─── Provided material ───

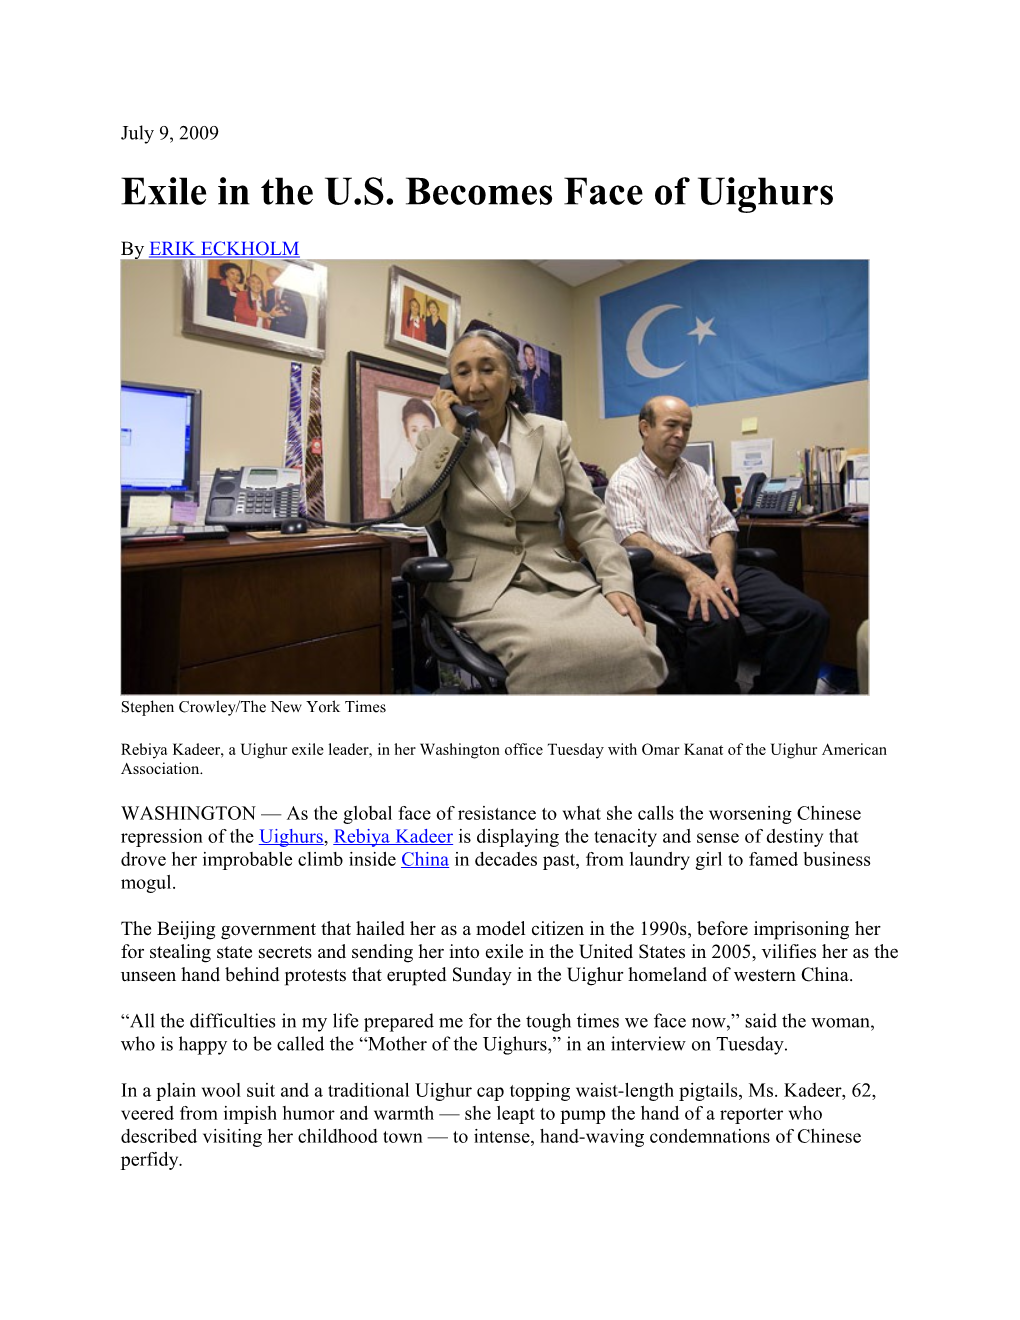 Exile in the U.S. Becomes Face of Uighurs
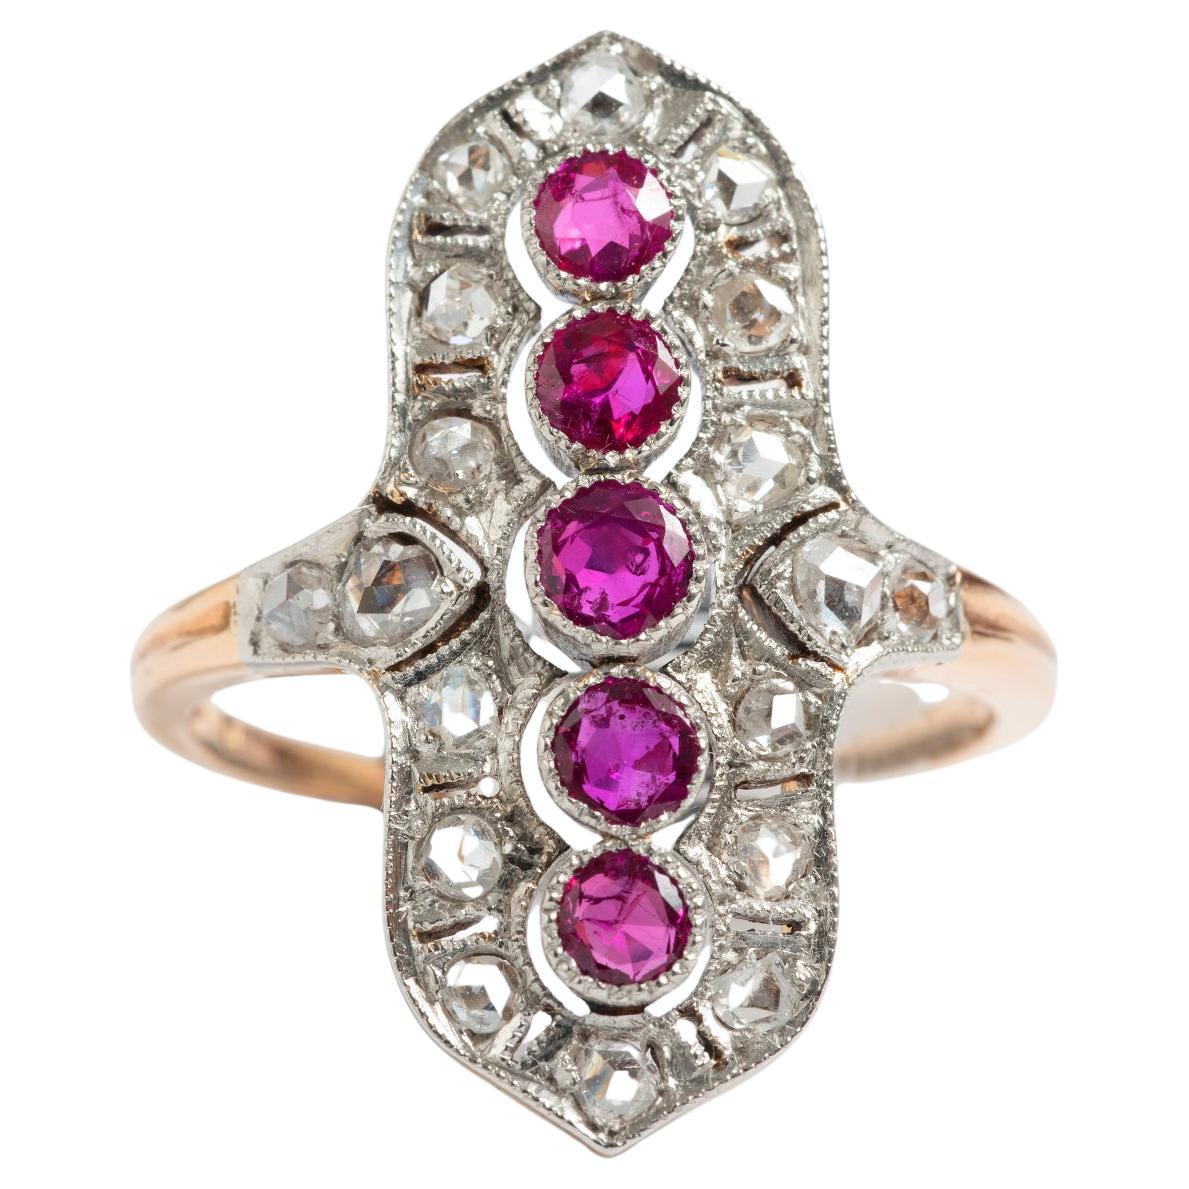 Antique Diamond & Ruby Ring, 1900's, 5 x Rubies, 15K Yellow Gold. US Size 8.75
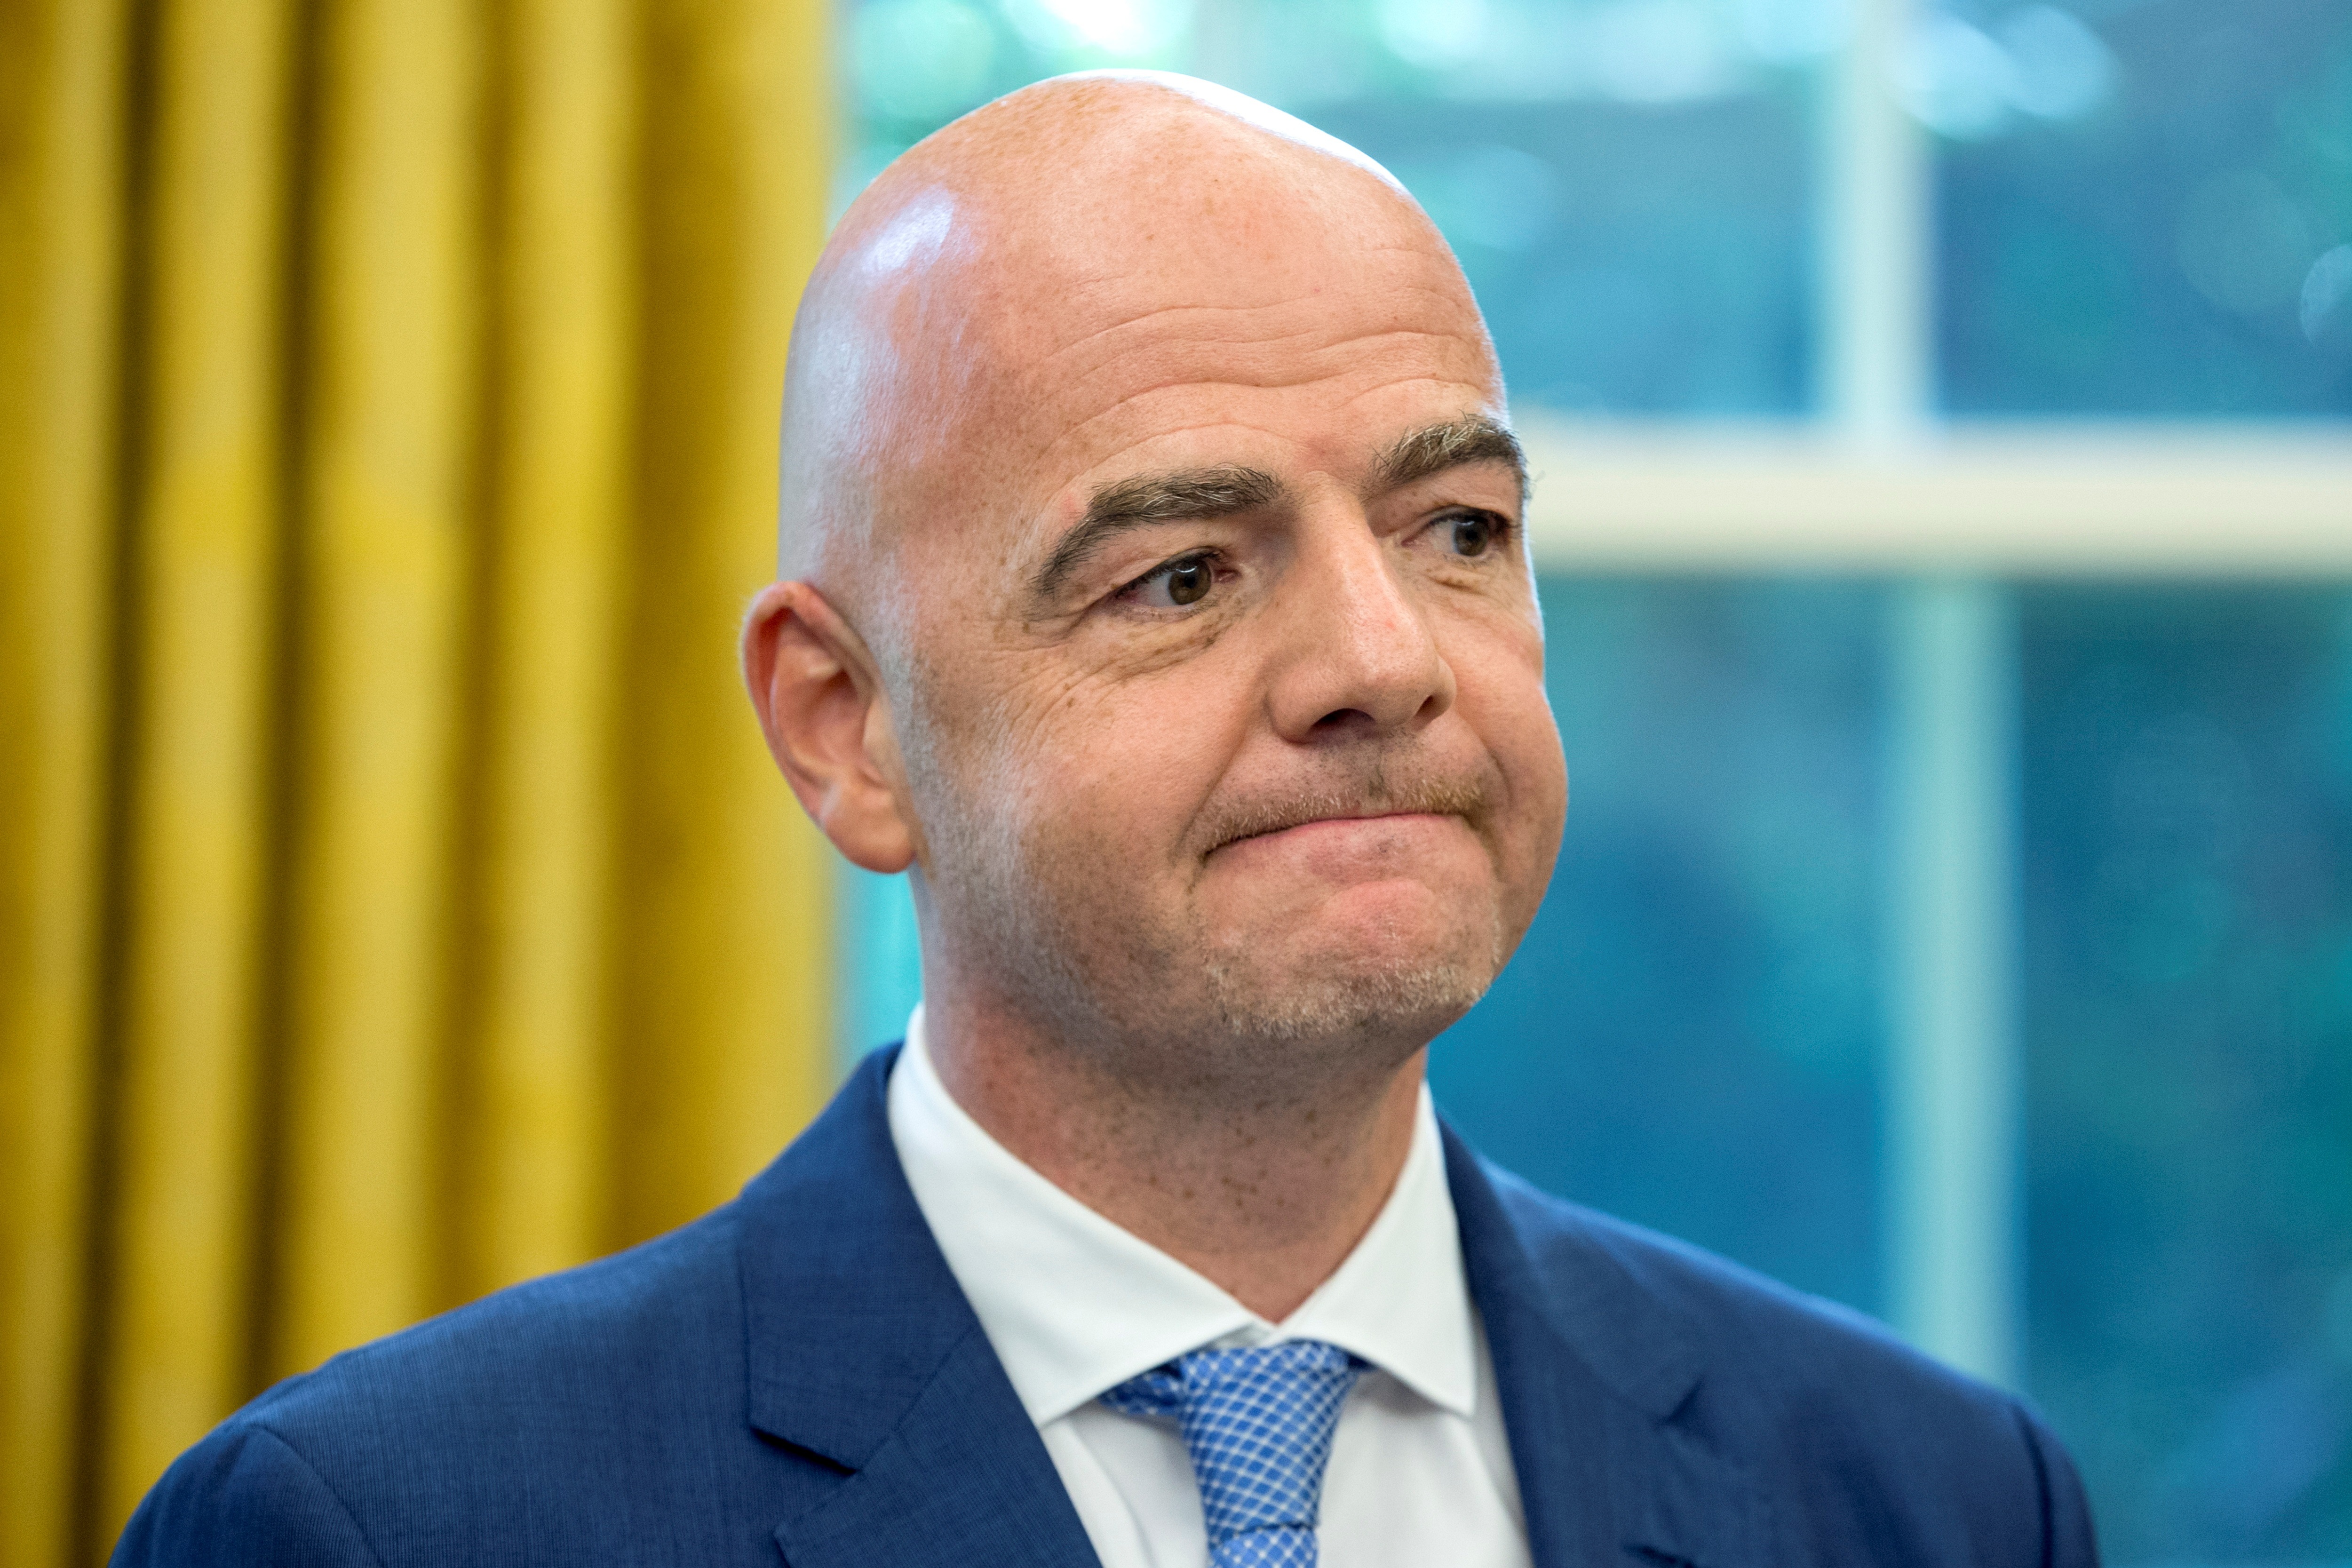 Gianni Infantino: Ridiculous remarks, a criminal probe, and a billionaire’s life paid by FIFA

───

— Exercise —
Restate the data word for word without pictures.

— Problem solution —
 Exile in the U.S. Becomes Face of Uighurs
 Antique Diamond & Ruby Ring, 1900's, 5 x Rubies, 15K Yellow Gold. US Size 8.75
 Gianni Infantino: Ridiculous remarks, a criminal probe, and a billionaire’s life paid by FIFA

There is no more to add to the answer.